Supplied data below:
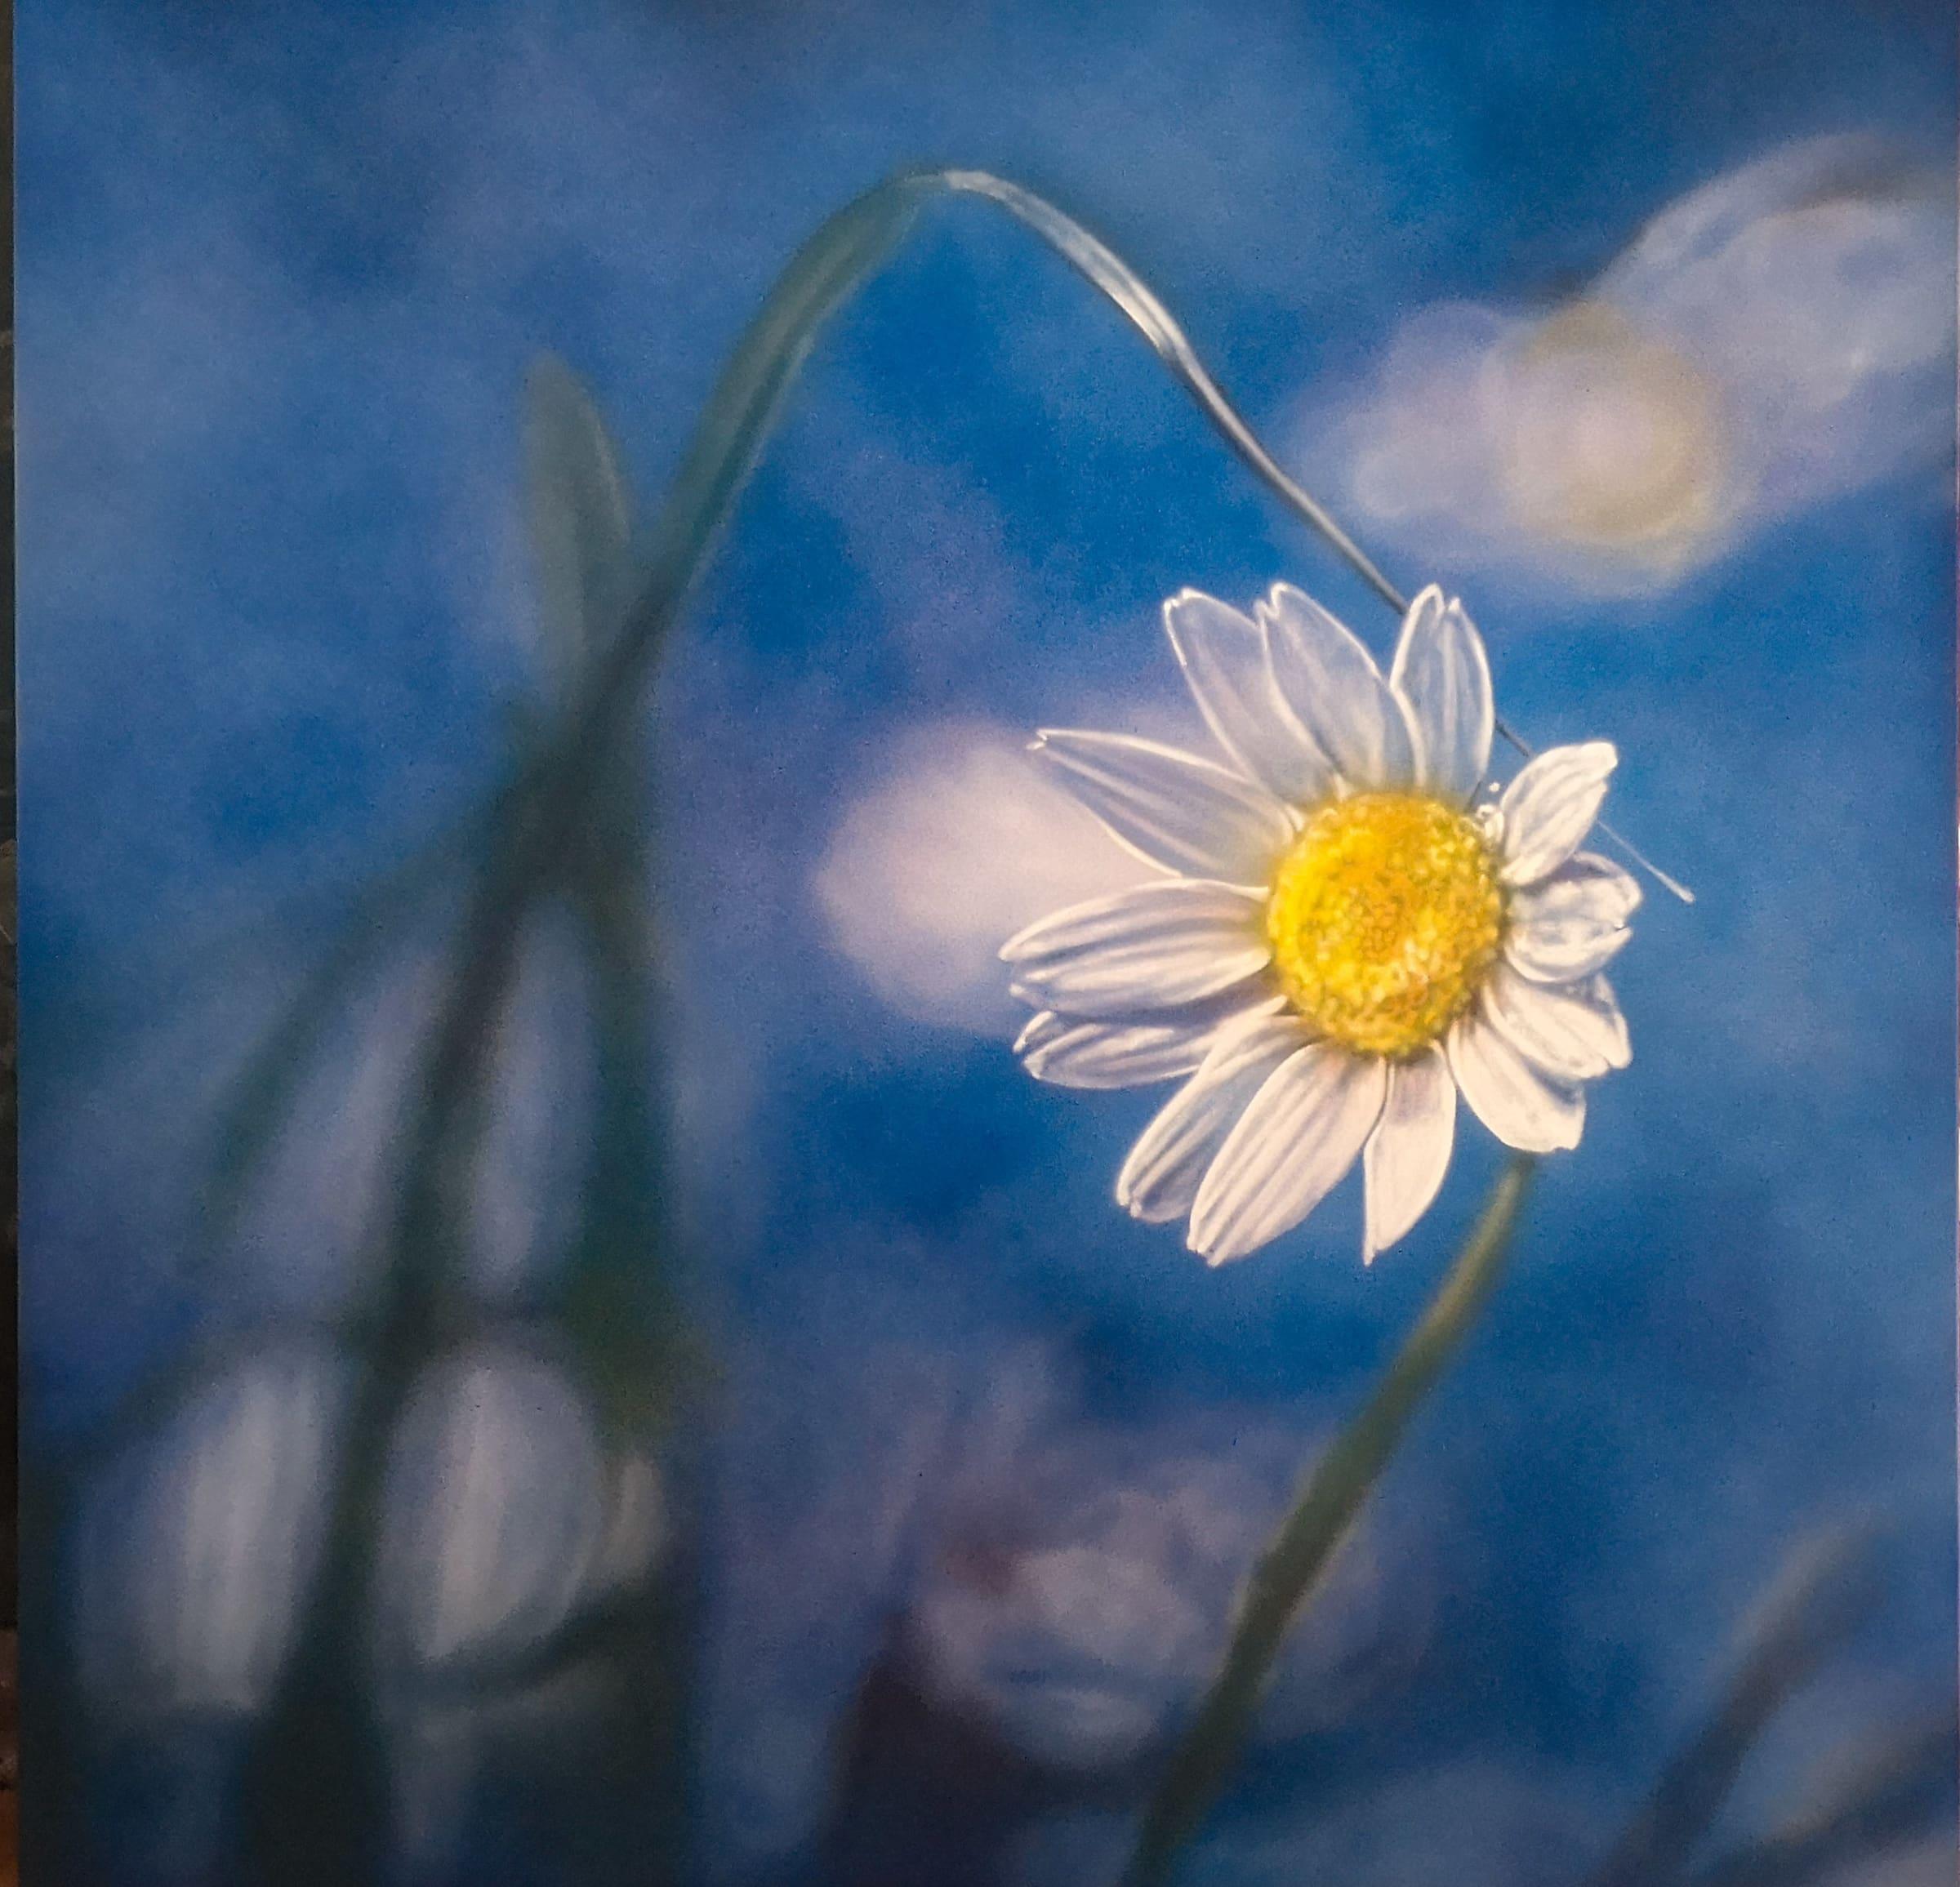 <span class=&#34;link fancybox-details-link&#34;><a href=&#34;/artists/73-sascha-%26-tashi-stylianou/works/2926-sascha-tashi-stylianou-floral-happiness-2-2018/&#34;>View Detail Page</a></span><div class=&#34;artist&#34;><strong>Sascha & Tashi Stylianou</strong></div> <div class=&#34;title&#34;><em>Floral Happiness 2</em>, 2018</div> <div class=&#34;medium&#34;>Acrylic In Brush & Spray On Canvas</div> <div class=&#34;dimensions&#34;>150cm x 150cm</div><div class=&#34;price&#34;>R20,000.00</div>
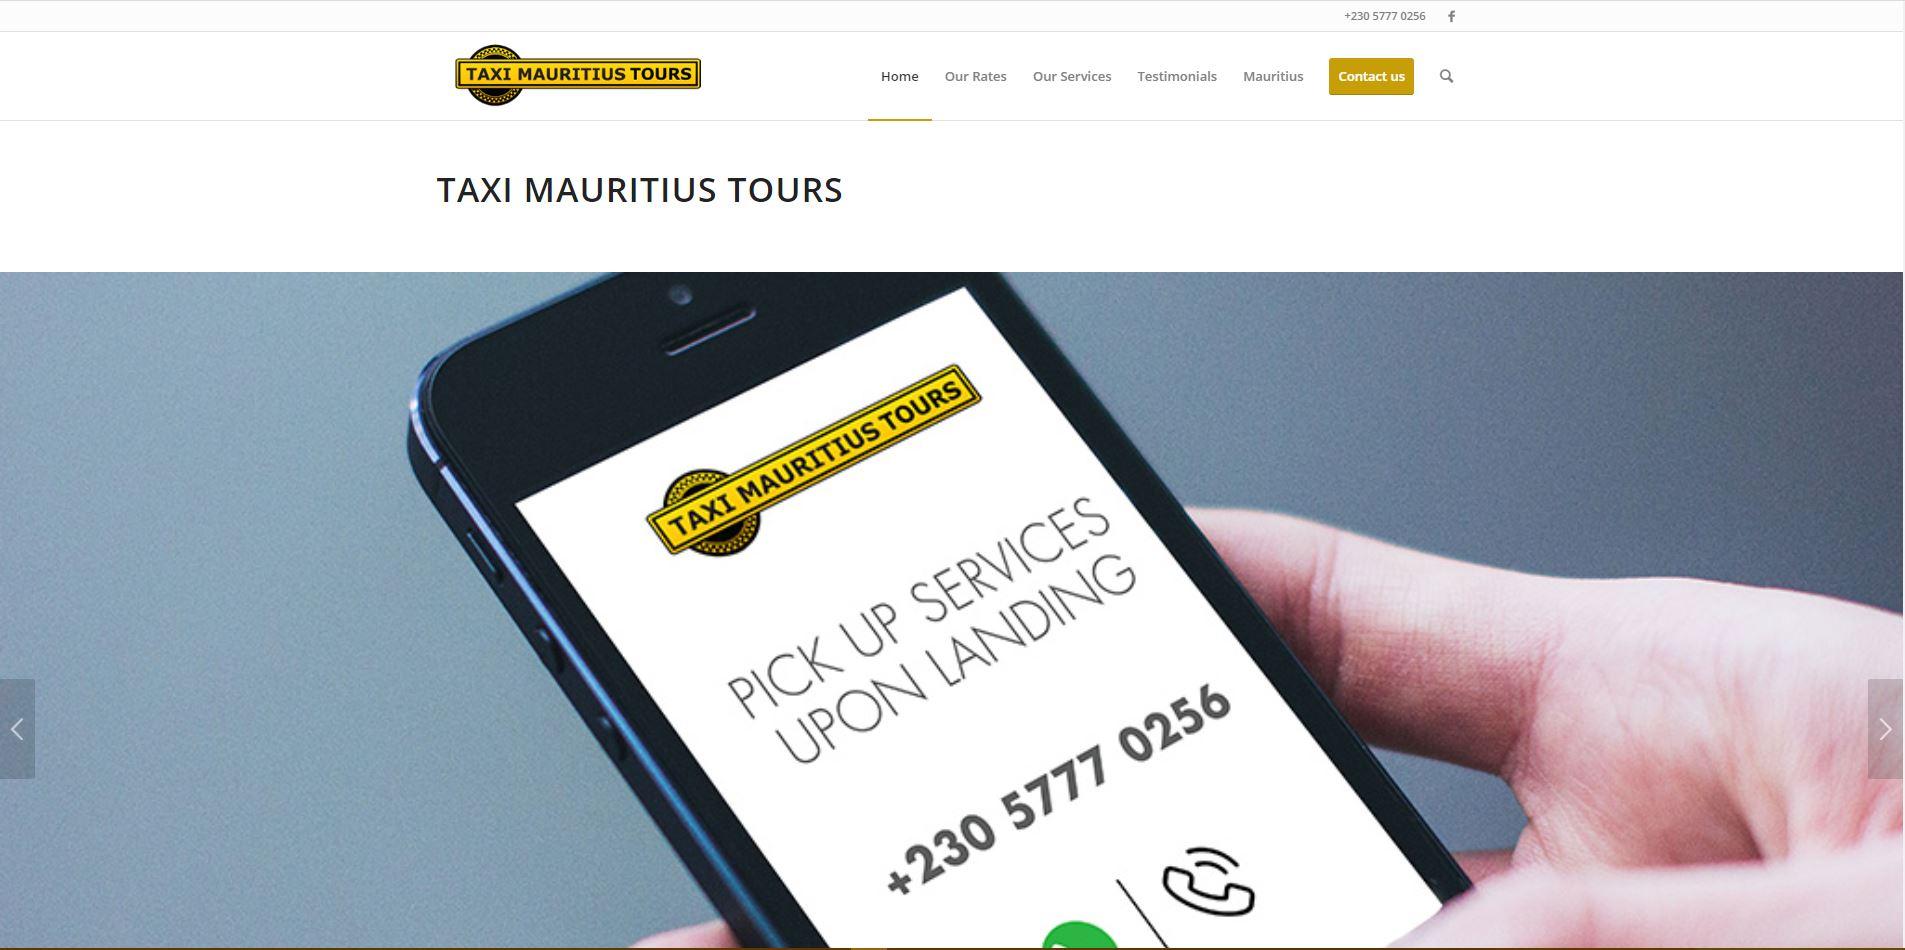 Taxi-Mauritius-Tour-Digital-Marketing-Mauritius-Ecommerce
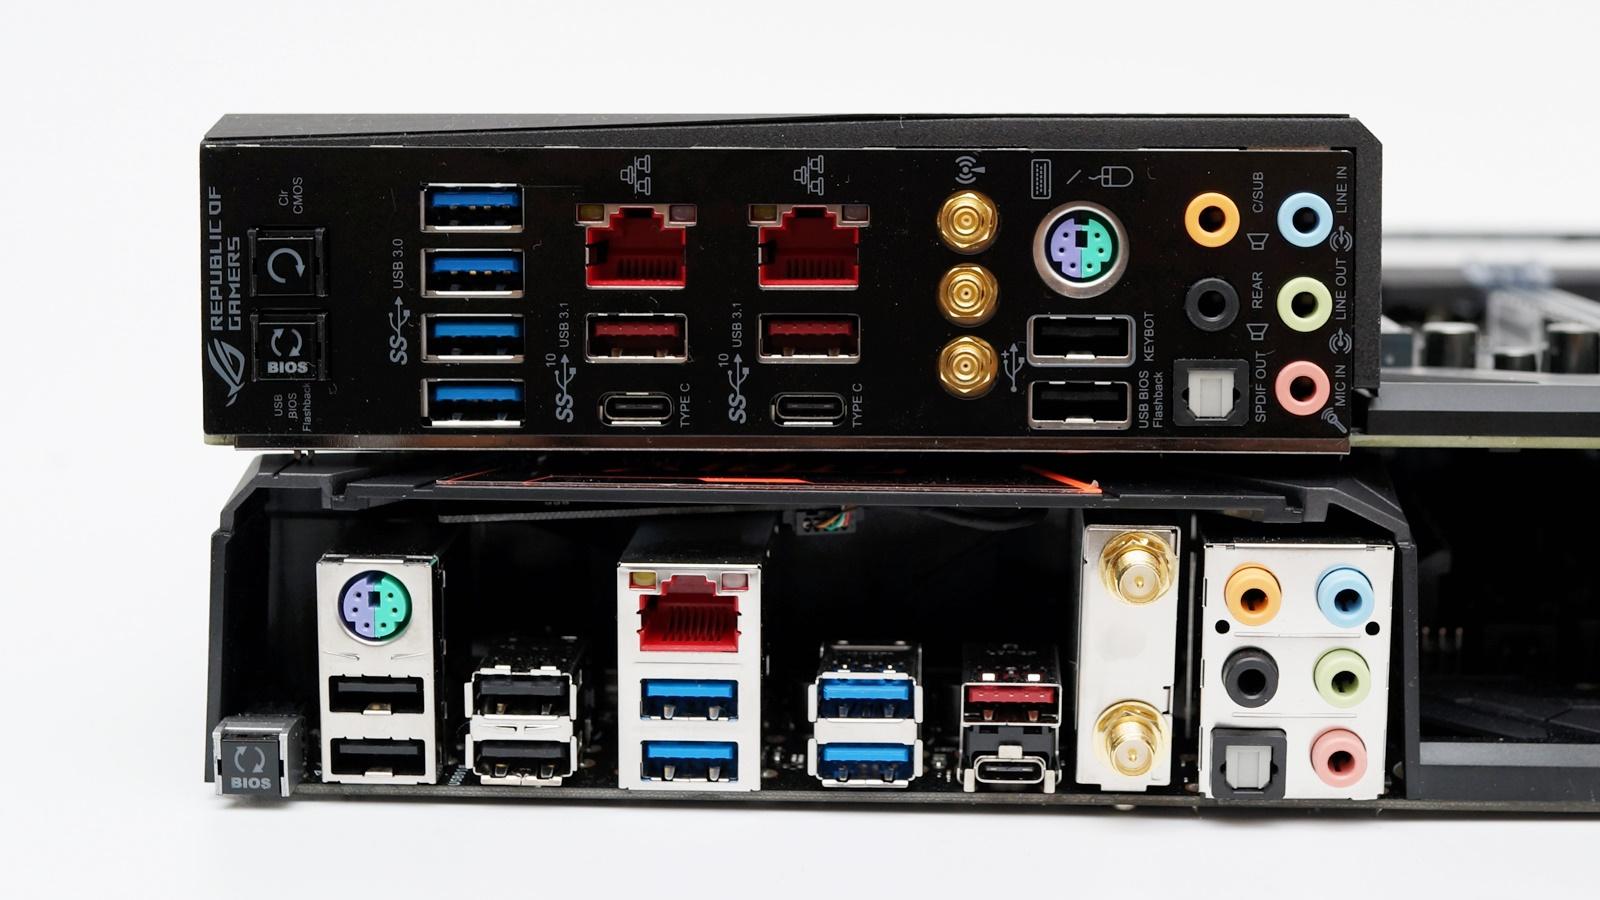 Xf 10asus Rog Rampage V Edition 10 Asus Motherboard 10strix X99 Gaming Io
End of Supplied data.
## Problem details
Begin at the line containing "Taxi-Mauritius-Tour-Digital-Marketing-Mauritius-Ecommerce" and stop at the final line of the data. Retype those lines exactly, without the pictures.

## Answer to this problem
 Taxi-Mauritius-Tour-Digital-Marketing-Mauritius-Ecommerce
 Xf 10asus Rog Rampage V Edition 10 Asus Motherboard 10strix X99 Gaming Io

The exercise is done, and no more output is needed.